Notice that the outparam aPromise is an nsISupports**, and yet, I do believe the caller will end up handling a DOM Promise. Wicked!


  1. Cleopatra is the web application that can be used to browse a profile retrieved via nsIProfiler 

  2. Like being able to read the black speech of Mordor, there are few who can. 

The Joy of Coding (Ep. 12): Making “Save Page As” Work

After giving some updates on the last bug we were working on together, I started a new bug: Bug 1128050 – [e10s] Save page as… doesn’t always load from cache. The problem here is that if the user were to reach a page via a POST request, attempting to save that page from the Save Page item in the menu would result in silent failure1.

Luckily, the last bug we were working on was related to this – we had a lot of context about cache keys swapped in already.

The other important thing to realize is that fixing this bug is a bandage fix, or a wallpaper fix. I don’t think those are official terms, but it’s what I use. Basically, we’re fixing a thing with the minimum required effort because something else is going to fix it properly down the line.
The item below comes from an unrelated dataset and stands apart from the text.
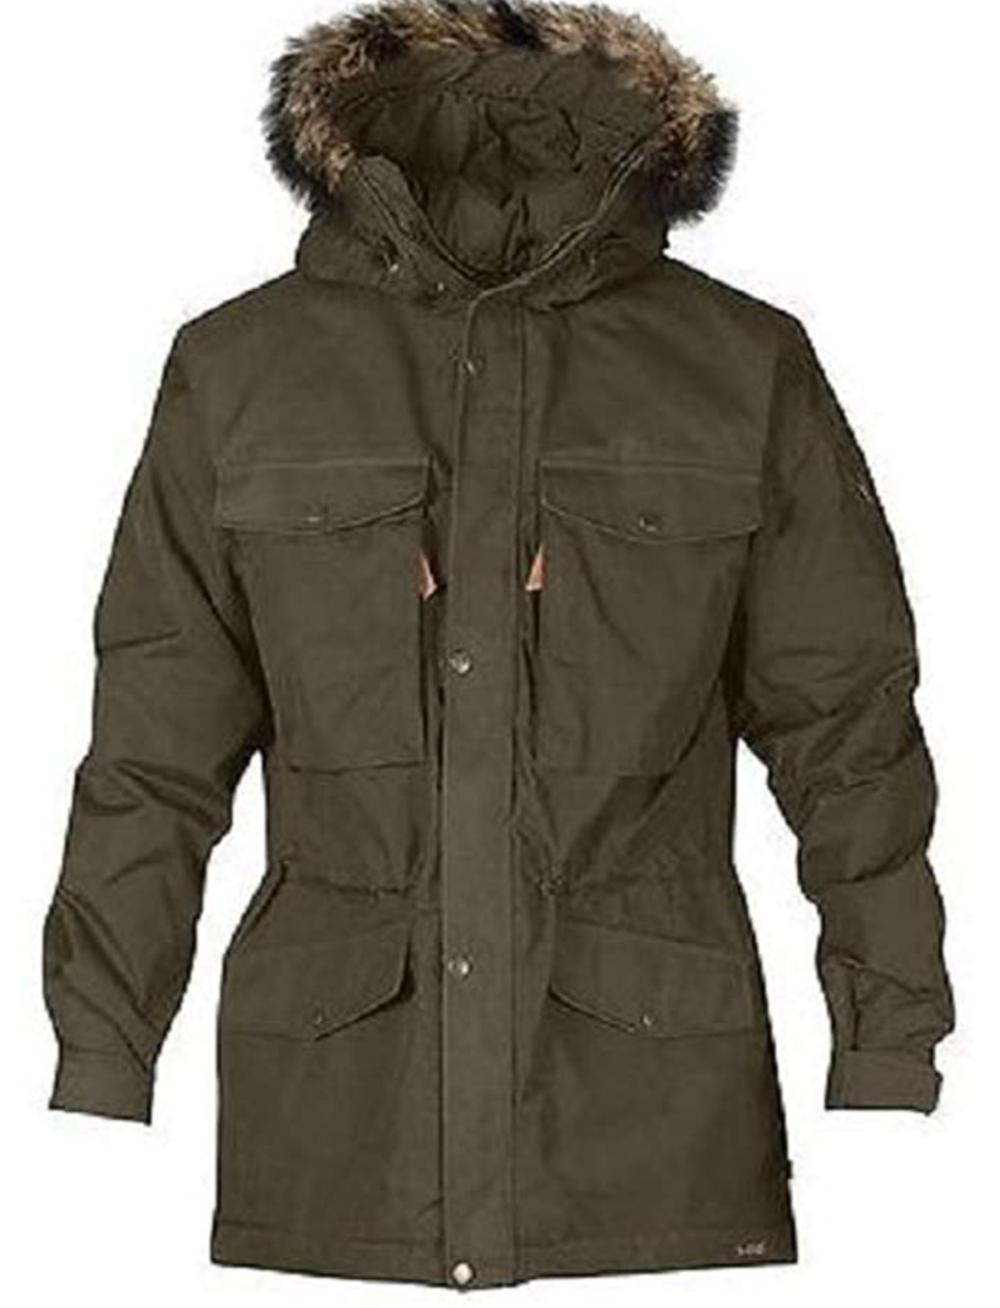 Fjallraven Men's Sarek Winter Jacket

So we just need to do what we can to get the feature to limp along until such time as the proper fix lands.

My proposed solution was to serialize an nsISHEntry on the content process side, deserialize it on the parent side, and pass it off to nsIWebBrowserPersist.

So did it work? Watch the episode and find out!

I also want to briefly apologize for some construction noise during the video – I think it occurs somewhere halfway through minute 20 of the video. It doesn’t last long, I promise!

Episode Agenda

References

Bug 1128050 – [e10s] Save page as… doesn’t always load from cache – Notes


  1. Well, it’d show something in the Browser Console, but for a typical user, I think that’s still a silent failure.